**WORK TO BE COMPLETED:** Word for word, transcribe the data below from the line with "Vintage Rosenblumen und" to the line with "Trecho duplicado da", keeping both of those lines.

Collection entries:
========================

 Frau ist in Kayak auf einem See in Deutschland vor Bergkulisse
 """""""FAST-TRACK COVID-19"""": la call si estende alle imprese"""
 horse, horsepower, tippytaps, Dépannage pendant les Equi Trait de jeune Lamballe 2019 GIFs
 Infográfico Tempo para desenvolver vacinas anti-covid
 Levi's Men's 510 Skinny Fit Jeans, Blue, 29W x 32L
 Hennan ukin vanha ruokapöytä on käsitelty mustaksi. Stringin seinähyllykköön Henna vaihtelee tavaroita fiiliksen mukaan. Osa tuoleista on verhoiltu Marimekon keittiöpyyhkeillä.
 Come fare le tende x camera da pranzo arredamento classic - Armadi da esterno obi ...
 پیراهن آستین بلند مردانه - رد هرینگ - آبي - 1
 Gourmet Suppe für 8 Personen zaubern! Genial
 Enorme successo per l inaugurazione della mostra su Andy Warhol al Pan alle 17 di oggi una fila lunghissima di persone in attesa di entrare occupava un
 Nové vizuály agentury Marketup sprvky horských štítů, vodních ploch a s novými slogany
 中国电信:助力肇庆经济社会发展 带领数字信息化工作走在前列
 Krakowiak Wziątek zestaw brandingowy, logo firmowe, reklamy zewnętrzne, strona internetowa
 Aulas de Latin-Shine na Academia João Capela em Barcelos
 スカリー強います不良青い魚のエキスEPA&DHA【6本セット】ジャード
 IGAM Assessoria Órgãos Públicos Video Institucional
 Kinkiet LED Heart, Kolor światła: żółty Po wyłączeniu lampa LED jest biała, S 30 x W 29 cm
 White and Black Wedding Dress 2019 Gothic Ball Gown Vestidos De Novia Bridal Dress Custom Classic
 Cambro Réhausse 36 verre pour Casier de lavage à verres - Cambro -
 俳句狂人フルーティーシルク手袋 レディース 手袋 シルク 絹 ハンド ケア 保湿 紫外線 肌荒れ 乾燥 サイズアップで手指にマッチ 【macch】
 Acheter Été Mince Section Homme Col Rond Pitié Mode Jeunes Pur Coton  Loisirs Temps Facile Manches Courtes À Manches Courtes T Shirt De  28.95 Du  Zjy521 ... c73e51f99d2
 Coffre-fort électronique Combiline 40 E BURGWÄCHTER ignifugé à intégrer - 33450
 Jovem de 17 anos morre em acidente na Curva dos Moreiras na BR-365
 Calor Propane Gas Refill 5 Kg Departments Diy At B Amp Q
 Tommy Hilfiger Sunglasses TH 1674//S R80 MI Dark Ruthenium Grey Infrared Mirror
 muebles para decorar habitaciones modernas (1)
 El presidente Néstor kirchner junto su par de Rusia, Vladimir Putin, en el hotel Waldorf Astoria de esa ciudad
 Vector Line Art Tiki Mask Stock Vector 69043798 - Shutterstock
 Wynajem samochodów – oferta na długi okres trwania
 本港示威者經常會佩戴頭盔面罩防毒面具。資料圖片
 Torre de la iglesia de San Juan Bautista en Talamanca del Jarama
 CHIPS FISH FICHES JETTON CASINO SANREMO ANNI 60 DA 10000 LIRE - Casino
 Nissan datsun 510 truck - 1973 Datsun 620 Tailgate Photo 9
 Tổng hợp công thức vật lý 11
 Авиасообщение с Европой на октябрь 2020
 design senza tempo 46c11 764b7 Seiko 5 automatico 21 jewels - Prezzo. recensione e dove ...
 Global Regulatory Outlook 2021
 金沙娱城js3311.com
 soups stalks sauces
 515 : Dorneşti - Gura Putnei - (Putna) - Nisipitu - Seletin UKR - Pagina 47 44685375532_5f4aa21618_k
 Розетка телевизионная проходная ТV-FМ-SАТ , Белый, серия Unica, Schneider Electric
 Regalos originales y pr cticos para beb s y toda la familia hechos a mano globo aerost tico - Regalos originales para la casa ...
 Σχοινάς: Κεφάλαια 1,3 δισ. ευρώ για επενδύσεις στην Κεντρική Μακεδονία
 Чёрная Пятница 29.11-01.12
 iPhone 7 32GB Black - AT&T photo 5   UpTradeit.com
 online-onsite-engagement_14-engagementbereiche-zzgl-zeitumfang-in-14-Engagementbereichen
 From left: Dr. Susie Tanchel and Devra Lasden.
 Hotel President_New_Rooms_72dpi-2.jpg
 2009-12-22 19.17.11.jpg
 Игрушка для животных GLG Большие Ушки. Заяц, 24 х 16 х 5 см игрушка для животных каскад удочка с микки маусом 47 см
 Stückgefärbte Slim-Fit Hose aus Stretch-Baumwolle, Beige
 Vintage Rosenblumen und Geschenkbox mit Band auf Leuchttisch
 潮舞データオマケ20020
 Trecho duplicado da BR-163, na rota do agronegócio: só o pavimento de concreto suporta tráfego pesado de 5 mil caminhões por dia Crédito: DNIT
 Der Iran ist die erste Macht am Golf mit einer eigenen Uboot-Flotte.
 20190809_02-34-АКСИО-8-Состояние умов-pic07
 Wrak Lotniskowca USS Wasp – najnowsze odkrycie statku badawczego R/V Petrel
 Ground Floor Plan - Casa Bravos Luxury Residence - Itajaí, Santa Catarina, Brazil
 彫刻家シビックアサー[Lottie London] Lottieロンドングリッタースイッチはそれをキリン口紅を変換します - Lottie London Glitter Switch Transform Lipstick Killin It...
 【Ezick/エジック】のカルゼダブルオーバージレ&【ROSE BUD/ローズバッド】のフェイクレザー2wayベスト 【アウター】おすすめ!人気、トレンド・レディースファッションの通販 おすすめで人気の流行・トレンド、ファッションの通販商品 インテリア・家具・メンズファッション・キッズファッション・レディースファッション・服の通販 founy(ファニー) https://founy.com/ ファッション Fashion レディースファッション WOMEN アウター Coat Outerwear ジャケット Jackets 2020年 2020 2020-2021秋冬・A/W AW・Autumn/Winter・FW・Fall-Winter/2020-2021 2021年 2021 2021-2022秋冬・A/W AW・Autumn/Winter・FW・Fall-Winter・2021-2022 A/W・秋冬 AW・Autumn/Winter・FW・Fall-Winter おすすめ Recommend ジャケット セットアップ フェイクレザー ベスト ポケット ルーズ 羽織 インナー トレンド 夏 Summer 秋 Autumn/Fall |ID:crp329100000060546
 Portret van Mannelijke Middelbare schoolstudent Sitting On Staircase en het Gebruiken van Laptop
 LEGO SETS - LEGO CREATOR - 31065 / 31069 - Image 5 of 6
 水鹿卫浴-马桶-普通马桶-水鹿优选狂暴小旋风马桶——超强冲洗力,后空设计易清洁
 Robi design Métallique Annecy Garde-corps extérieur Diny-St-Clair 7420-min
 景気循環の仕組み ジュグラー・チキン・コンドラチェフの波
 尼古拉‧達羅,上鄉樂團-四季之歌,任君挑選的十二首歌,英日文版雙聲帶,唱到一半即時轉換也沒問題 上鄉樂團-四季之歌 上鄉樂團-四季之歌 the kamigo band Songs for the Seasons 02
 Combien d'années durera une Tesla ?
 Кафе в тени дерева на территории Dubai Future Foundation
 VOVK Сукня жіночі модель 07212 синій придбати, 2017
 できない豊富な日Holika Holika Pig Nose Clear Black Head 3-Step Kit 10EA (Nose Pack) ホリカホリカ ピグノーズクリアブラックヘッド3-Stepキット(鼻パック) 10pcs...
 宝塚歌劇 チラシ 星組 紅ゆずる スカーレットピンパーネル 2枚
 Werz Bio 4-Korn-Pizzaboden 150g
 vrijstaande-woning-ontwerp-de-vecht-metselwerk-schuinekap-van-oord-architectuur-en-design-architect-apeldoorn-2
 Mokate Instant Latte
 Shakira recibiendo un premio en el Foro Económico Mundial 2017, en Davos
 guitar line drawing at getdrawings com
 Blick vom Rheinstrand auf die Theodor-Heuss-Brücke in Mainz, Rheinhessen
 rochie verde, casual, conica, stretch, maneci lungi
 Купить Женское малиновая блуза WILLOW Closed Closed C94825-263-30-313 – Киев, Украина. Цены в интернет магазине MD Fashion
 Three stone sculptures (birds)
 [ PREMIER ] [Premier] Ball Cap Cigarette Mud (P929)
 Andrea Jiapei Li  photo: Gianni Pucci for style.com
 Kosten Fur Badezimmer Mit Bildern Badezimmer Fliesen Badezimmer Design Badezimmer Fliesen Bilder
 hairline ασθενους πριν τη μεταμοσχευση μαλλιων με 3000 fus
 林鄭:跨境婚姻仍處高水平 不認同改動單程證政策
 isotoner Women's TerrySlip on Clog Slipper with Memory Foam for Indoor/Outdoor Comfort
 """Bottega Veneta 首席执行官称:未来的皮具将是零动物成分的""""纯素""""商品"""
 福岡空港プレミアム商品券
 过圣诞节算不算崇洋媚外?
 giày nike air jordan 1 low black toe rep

========================

**RESULT OF THE TASK:**
 Vintage Rosenblumen und Geschenkbox mit Band auf Leuchttisch
 潮舞データオマケ20020
 Trecho duplicado da BR-163, na rota do agronegócio: só o pavimento de concreto suporta tráfego pesado de 5 mil caminhões por dia Crédito: DNIT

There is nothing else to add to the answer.